- _Activity_
Skip the pictures. Output only the lines below starting at the line with "Sophia højhælede sandaler sort" and ending at the line with "Orędzie Papieża Franciszka", both ends included, exactly as they are.

- _The data_
────────
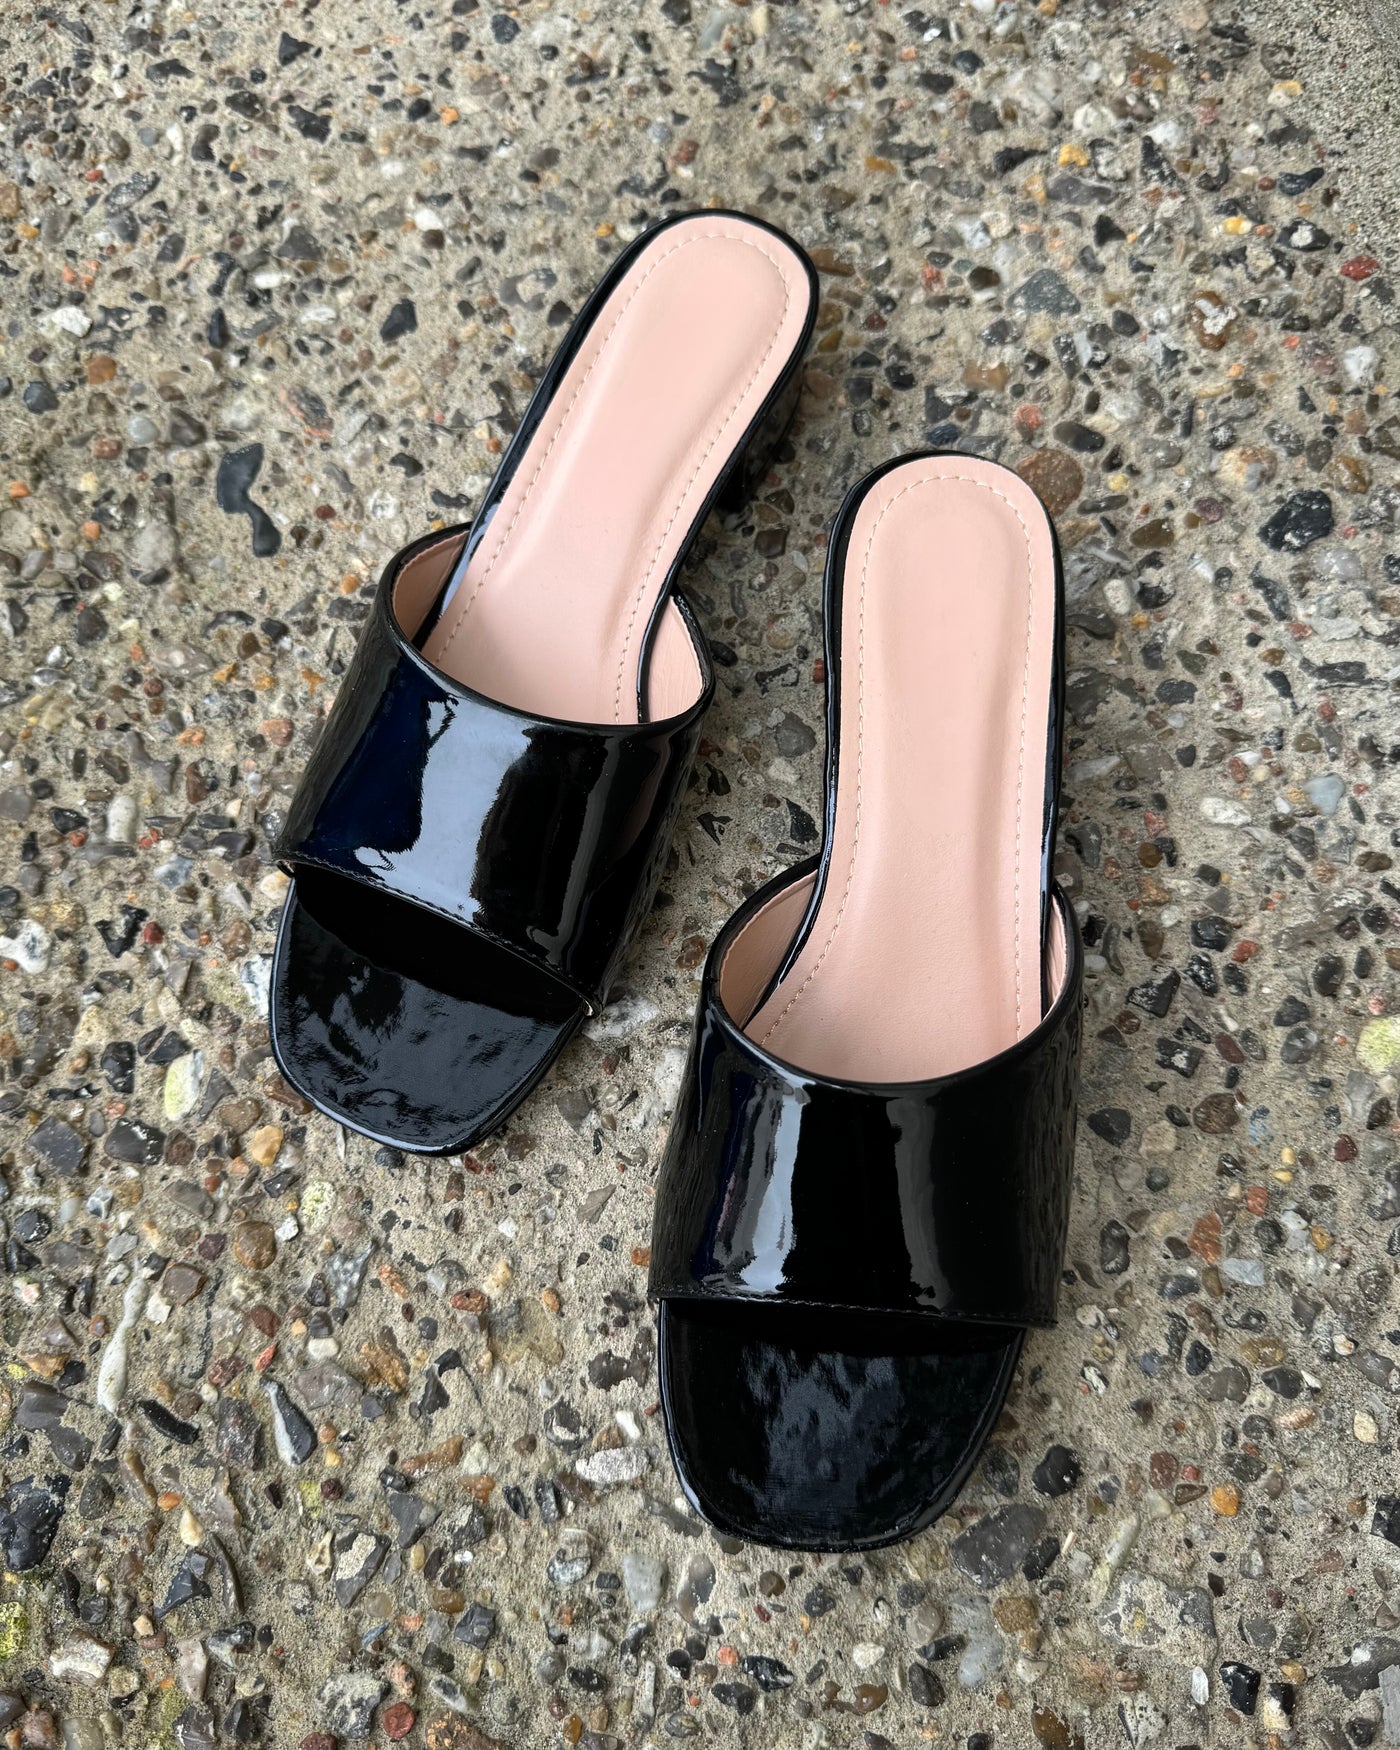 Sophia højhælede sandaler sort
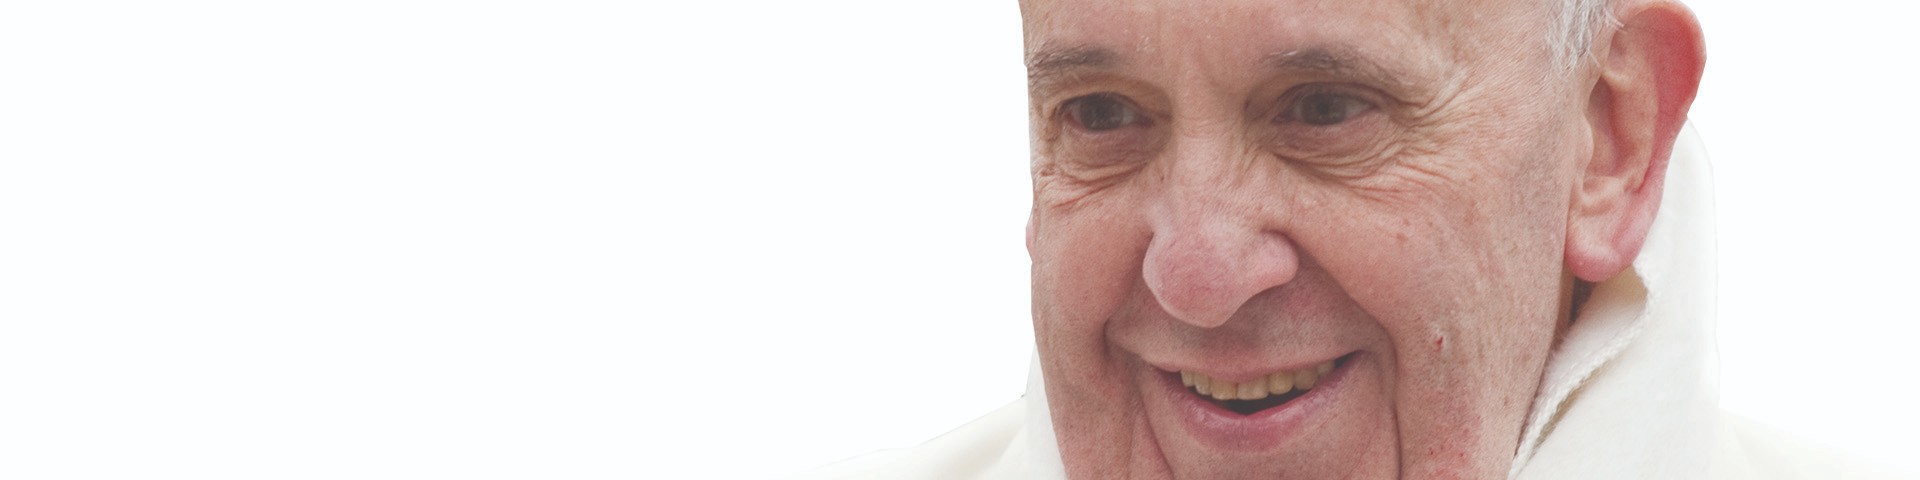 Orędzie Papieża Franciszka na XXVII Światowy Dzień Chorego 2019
────────
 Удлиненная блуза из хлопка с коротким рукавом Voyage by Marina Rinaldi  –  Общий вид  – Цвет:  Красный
────────
- _Task answer_
 Sophia højhælede sandaler sort
 Orędzie Papieża Franciszka na XXVII Światowy Dzień Chorego 2019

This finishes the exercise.